Гончая хотела съязвить и по этому поводу, но передумала. В метро никакая предосторожность не бывает лишней.
В этот раз Палач отсутствовал дольше и вернулся чем-то озабоченный.
– Можем ехать, но надо поторопиться, – объявил он, запрыгнув на дрезину, и сразу взялся за рычаги.
– В чем дело? – насторожился Стратег.
– На Красных Воротах тревога. Сталкеры с поверхности не вернулись.
Стратег сразу расслабился, да и брамин не придал словам Палача особого значения, и совершенно напрасно. Смельчаки, собирающие на поверхности разный полезный хлам и гордо именующие себя сталкерами, пропадали часто – этим в метро никого не удивишь. Обычно их исчезновение станции не угрожало. Но случалось и по-другому.
В отличие от Стратега и брамина, одноглазый напарник Палача отнесся к его предупреждению серьезно.
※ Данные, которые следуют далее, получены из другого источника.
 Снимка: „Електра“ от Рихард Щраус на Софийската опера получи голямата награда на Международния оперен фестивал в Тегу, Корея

Настолько серьезно, что впервые решился заговорить.
– Плохо дело.
Это прозвучало, как «п…охо де…о». Мало того, что одноглазый пропустил букву «л», он и говорил скрипучим, нечеловеческим голосом. Похожим образом изъяснялся раненый штурмовик, которого Гончая однажды встретила в госпитале Рейха. Бедолага напоролся на растяжку, при этом избежал серьезных осколочных ранений, но получил тяжелейшую контузию и практически оглох.
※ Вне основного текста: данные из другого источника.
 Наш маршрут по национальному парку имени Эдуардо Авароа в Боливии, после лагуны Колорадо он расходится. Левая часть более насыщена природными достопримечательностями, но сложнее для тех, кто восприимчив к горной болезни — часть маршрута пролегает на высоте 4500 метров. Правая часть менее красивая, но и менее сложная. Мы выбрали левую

Стоило вспомнить оглохшего штурмовика, и странное поведение одноглазого мгновенно объяснилось.
«Он же глухой!» – сообразила Гончая. Обожженное лицо и потерянный глаз – наверняка, последствия взрыва. Не реагирует на слова и не отвечает на вопросы, потому что не слышит их, отсюда и измененная речь. Что-то читает по губам, раз Палача все-таки понял.
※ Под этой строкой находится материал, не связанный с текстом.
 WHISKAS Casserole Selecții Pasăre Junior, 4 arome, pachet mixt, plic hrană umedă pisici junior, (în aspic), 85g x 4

«Левша у нас неразговорчив, но ты продолжай», – вспомнила Гончая ироничное замечание Стратега. По всей видимости, он давно знал о глухоте одноглазого. Но зачем Стратегу понадобился лишенный слуха одноглазый калека? Что он умеет такого, чего не умеют другие?
Пока Гончая размышляла об одноглазом спутнике и строила на его счет различные догадки, тот вместе с Палачом вновь разогнали дрезину, и вскоре впереди замелькали отблески сигнального костра у Красных Ворот.
Палач тоже заметил свет и еще сильнее налег на рычаги, но за полсотни шагов до блокпоста внезапно бросил их и потянул на себя ручной тормоз. Гончей понадобилось чуть больше времени, чтобы понять причину такой перемены. И на Дзержинской, и на Кировской пограничники направляли на приближающуюся дрезину яркий луч электрического света. Однако сейчас этого не произошло.
Вблизи Гончая разглядела железную треногу прожектора, но никто не спешил зажигать его. Похоже, у костра вообще никого не было! Зато со станции доносились разгневанные крики, которые внезапно оборвала автоматная очередь.
Дрезина уже миновала костер и теперь медленно, со скоростью лениво бредущего человека, подъезжала к платформе. Палач сунул руку в карман, где должно было находиться оружие, но вынул оттуда не пистолет, а складную телескопическую дубинку с металлическим набалдашником на конце, пожалуй, самое эффективное оружие в рукопашной схватке.
– Эй, что происходит? – насторожился Стратег. Поздно же он забеспокоился.
Ему никто не ответил. Как только дрезина достигла края перрона, Палач шагнул с нее и оказался на платформе. Гончая прыгнула следом.
– Куда? – крикнул в спину Стратег.
Она даже не обернулась. Обернулся Палач. Увидел, что она последовала за ним, заиграл желваками, но промолчал. Как бы ему не терпелось ее прикончить, сейчас его волновало другое.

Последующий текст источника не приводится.